Our work has several limitations that highlight directions for future research. First, the cell types and states covered in this work are not exhaustive, and there will continue to be other cell types and more granular cell states uncovered as the scale of sequencing continues to grow. Second, the enhancer–gene-linking strategies can continue to be improved beyond the Roadmap and ABC models incorporated here. Finally, we focus on genome-wide disease heritability (rather than a particular locus); however, our approach can be used to implicate specific genes and gene programs. Additional limitations are discussed in Supplementary Note.

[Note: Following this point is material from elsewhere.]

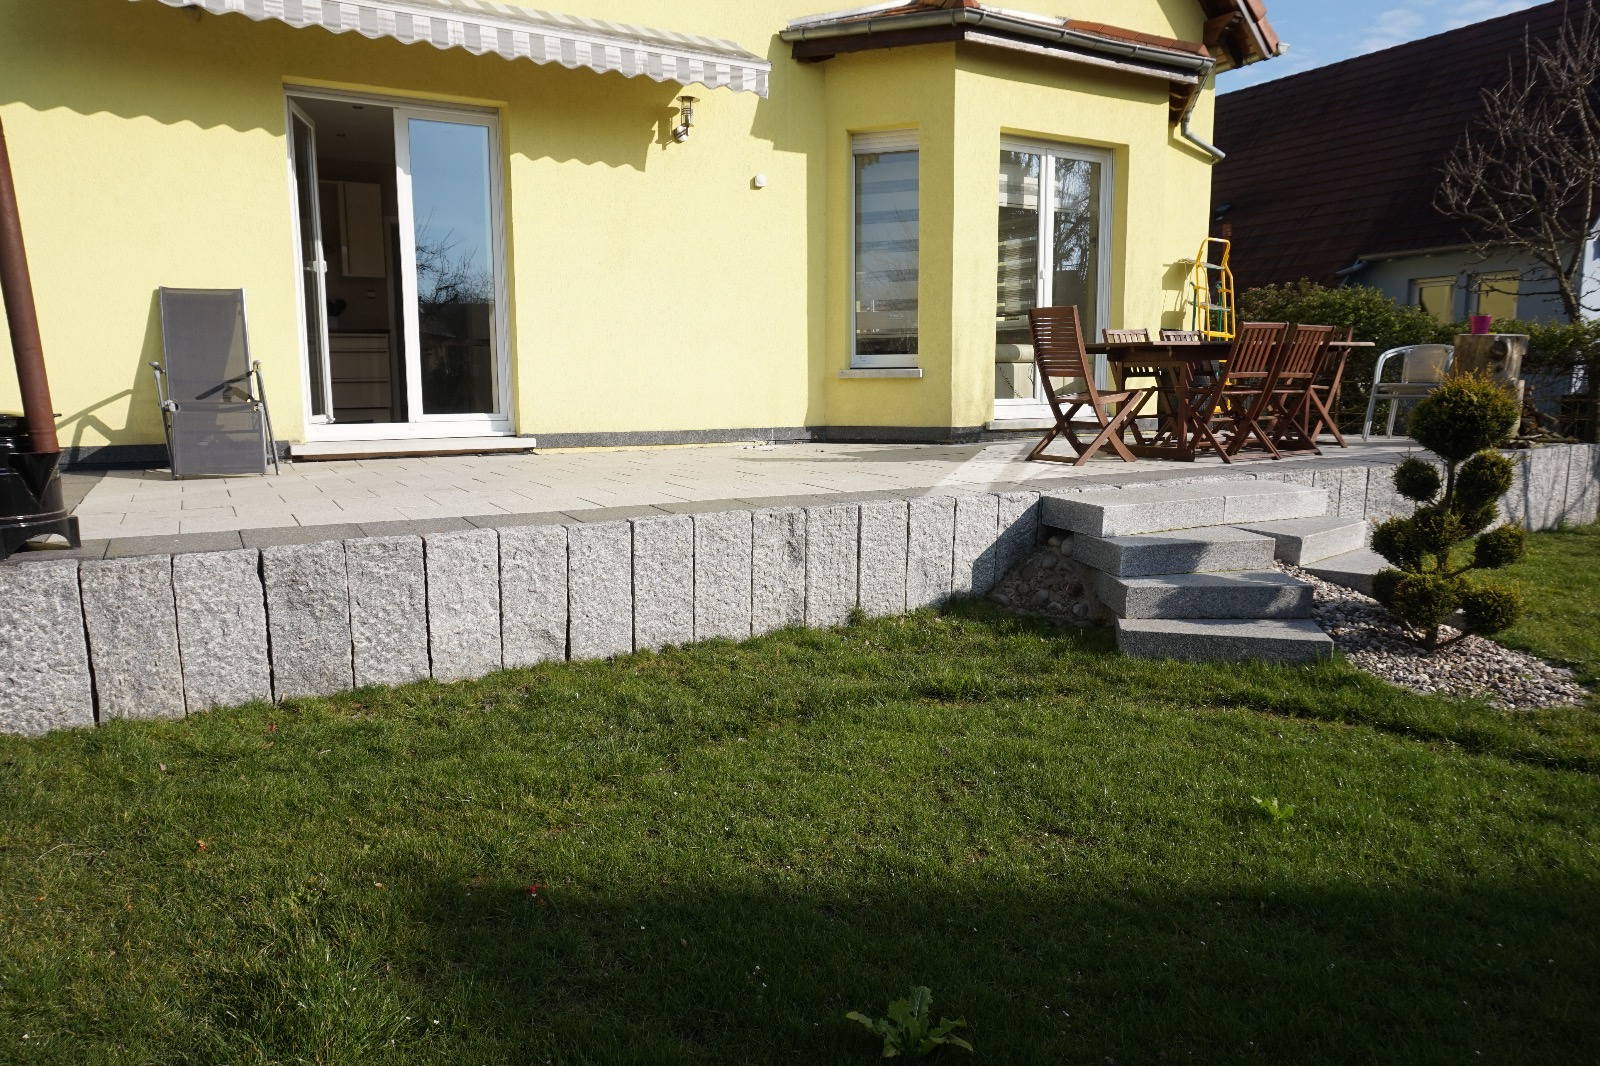 Vente strasbourg meinau neuhof maison familiale de 170m2 avec jardin - Maison jardin versailles strasbourg ...

Looking forward, the gene program–disease links identified by our analyses can be used to guide downstream studies, including designing systematic perturbation experiments91,92 in cell and animal models for functional follow-up. In the long term, with the increasing success of phenome-wide association studies and the integration of multimodal single-cell resolution epigenomics, this framework will continue to be useful in identifying biological mechanisms driving a broad range of diseases.

Methods

Ethical approval

This research complies with all relevant ethical regulations, and the research protocols are approved by the Harvard School of Public Health.

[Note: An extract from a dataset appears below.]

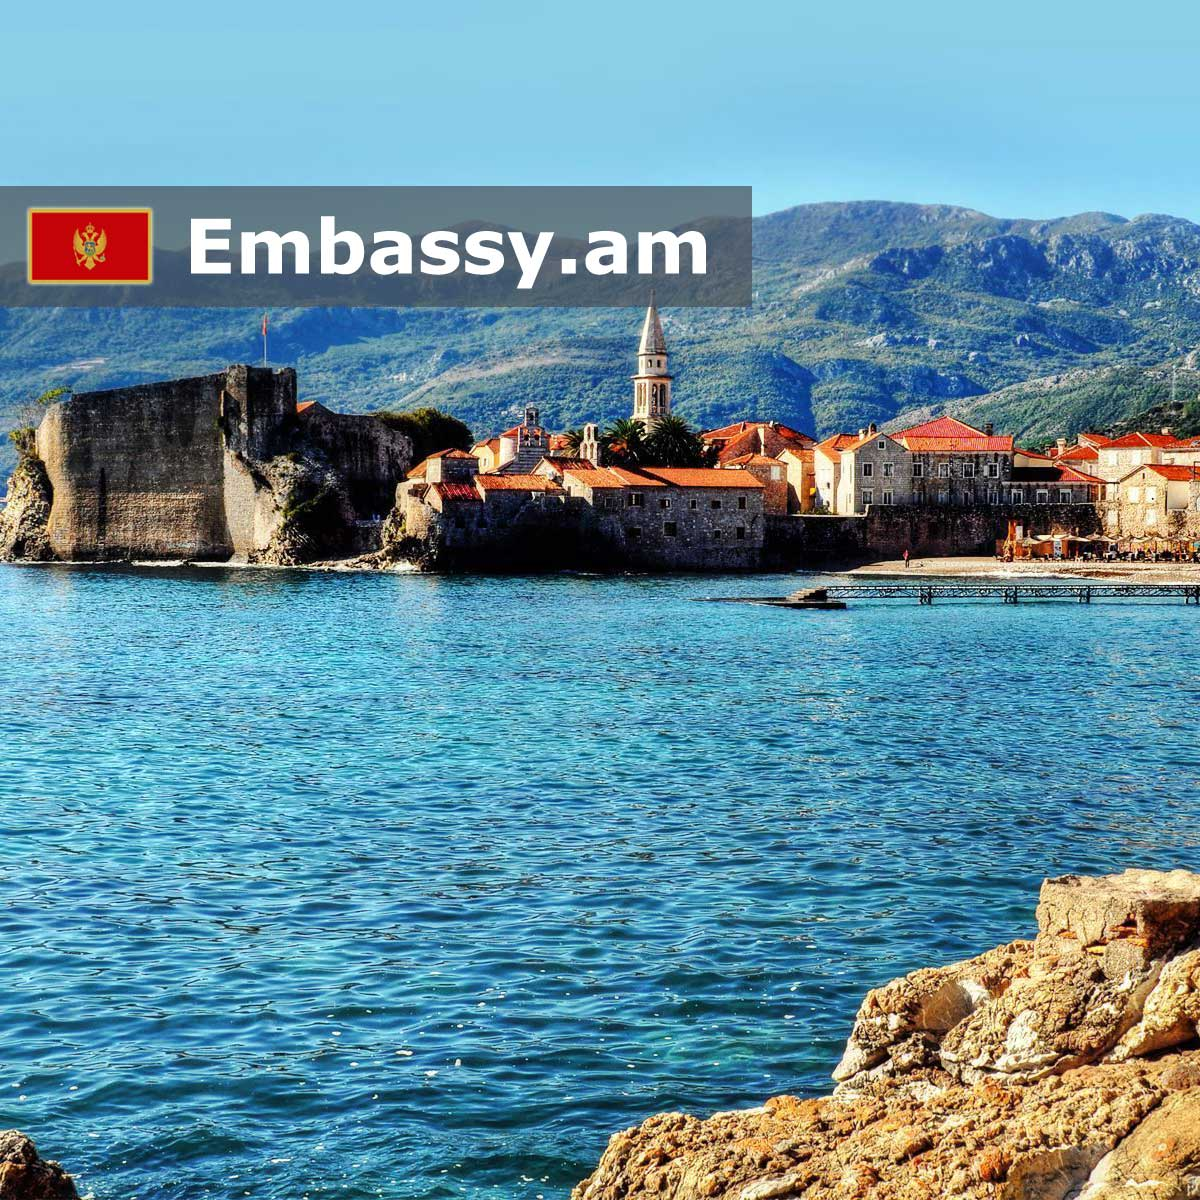 Budva - Hotels in Montenegro - Embassy.am

ScRNA-seq data pre-processing

All scRNA-seq datasets in the present study25,26,27,28,29,30,34,42,43,44,45,46,47,48 are publicly available cell-by-gene expression matrices that are aligned to the hg38 human transcriptome (Supplementary Table 1). Each dataset included metadata information for each cell, describing the total number of reads in the cell and which sample the cell corresponds to and, if applicable, its disease status. We transformed each expression matrix to a count matrix by reversing any log(normalization) processing (because each downloaded dataset contained (1) raw counts, (2) normalized log2(TP10K) or (3) normalized log10(TP10K), where TP10K is transcripts per 10,000 transcripts) and standardized the normalization approach across all datasets to account for differences in sequencing depth across cells by normalizing the total number of unique molecular identifiers (UMIs) per cell, converting to TP10K and taking the log of the result to obtain log(10,000 × UMIs/total UMIs + 1), with ‘log2(TP10K + 1)’ as the final expression unit.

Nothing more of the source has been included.